Sprawa jest o tyle ważna, że w Berlinie mało kto jest właścicielem mieszkania, w którym żyje – 85 proc. mieszkańców je wynajmuje (w ogóle model mieszkalnictwa w Niemczech jest zupełnie inny, niż w Polsce i opiera się na najmie). Dlatego w styczniu senat Berlina podjął decyzję, że miasto samo wejdzie na rynek i zacznie skupować mieszkania od inwestorów prywatnych. Szybko przeszedł do działani i już w lutym kupił pierwsze trzy domy z 316 mieszkaniami. Plany są jednak znacznie poważniejsze: burmistrz Michael Müller obiecał, że skupi 50 tys. lokali.
Działanie to jest do pewnego stopnia odwróceniem wcześniejszej polityki mieszkaniowej miasta. Berlin w latach 90-tych i w pierwszej dekadzie nowego wieku sprzedawał mieszkania, które odziedziczył po NRD w Berlinie Wschodnim – wówczas ceny były tu jednak wyjątkowo niskie.

To jednak nie wszystko. Problemem miasta jest to, że duże portfele mieszkań skupiły fundusze nieruchomościowe, które przez to mają ogromny wpływ na kreowanie ceny – numer jeden to Deutsche Wohnen, który ma w mieście 110 tys. lokali i to właśnie od niego miasto chce skupować nieruchomości.

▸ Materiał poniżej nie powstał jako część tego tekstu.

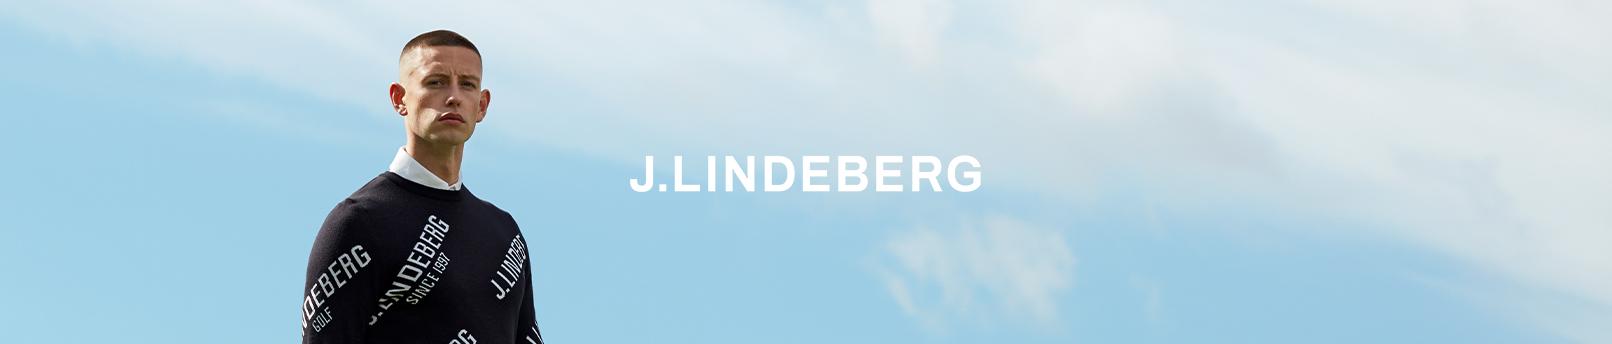 Shop J.LINDEBERG
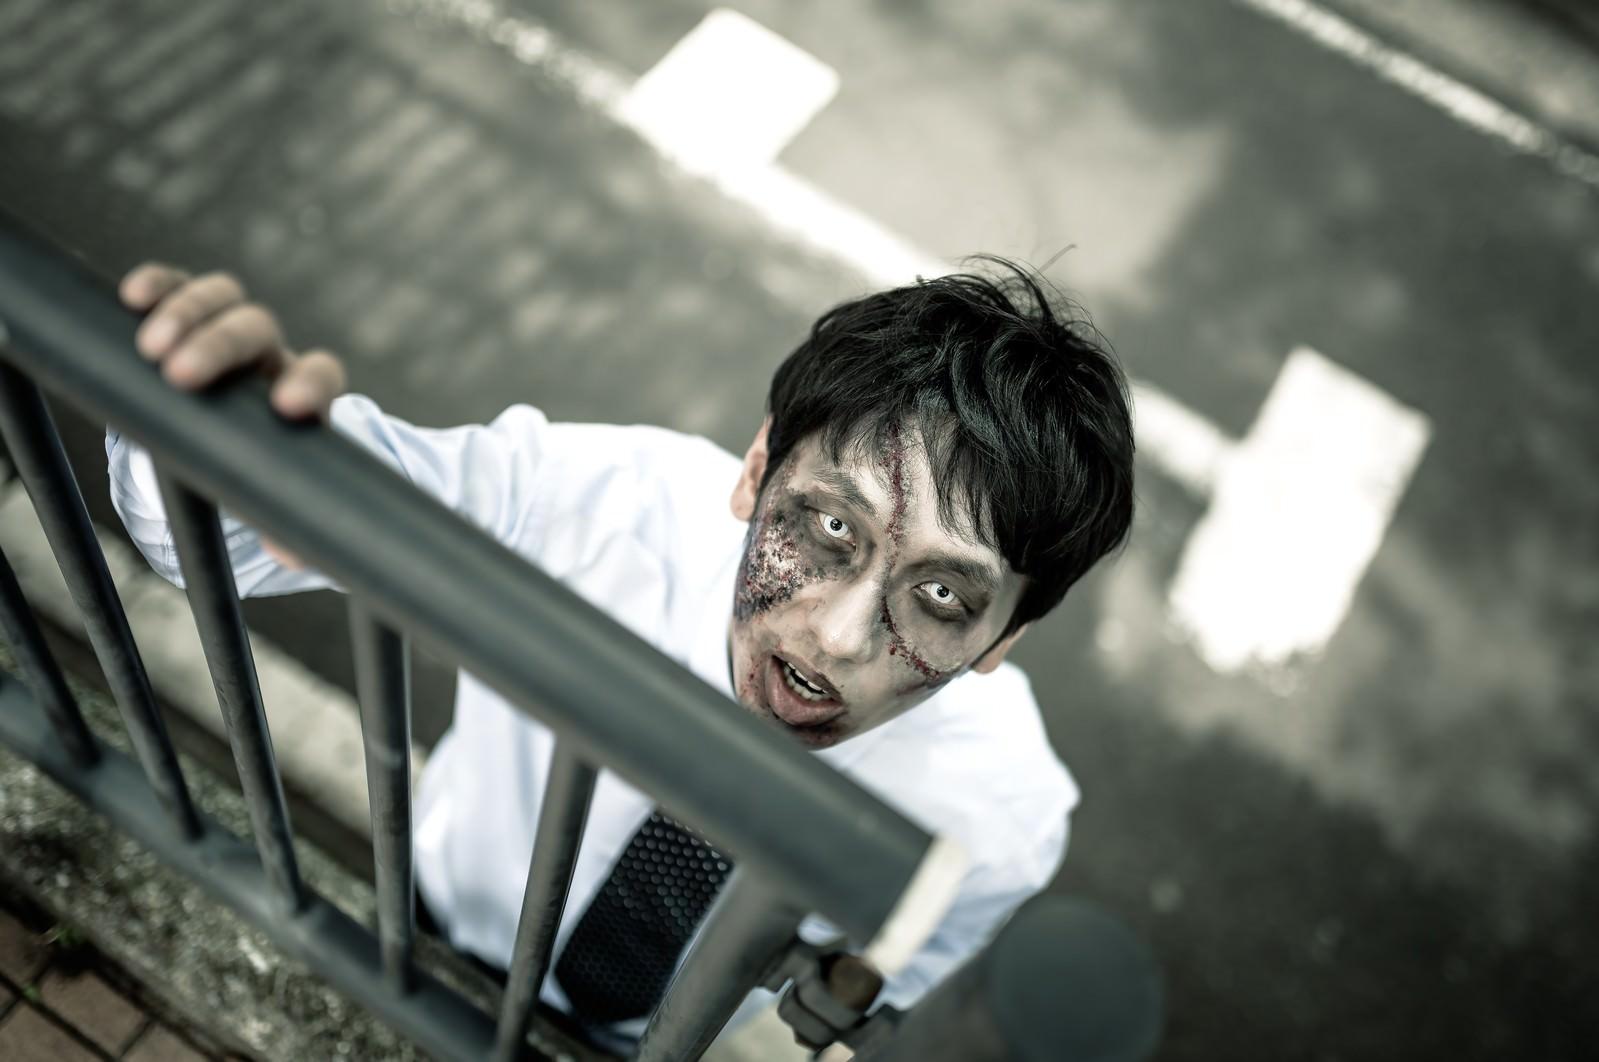 「「俺はまだ人間だ!助けてくれ!」と柵越しに訴えかけてくるほぼアウトな男性 | 写真の無料素材・フリー素材 - ぱくたそ」の写真[モデル:大川竜弥]

Dlatego berlińczycy myślą o wprowadzeniu uchwały zakazującej koncentracji mieszkań w jednym ręku. Miejscy aktywiści szykują więc referendum z propozycją, aby portfele poszczególnych funduszy nie przekraczały 3 tys. mieszkań. Według sondaży dziś propozycję tę popiera 44 proc., a przeciw jest 39 proc. mieszkańców.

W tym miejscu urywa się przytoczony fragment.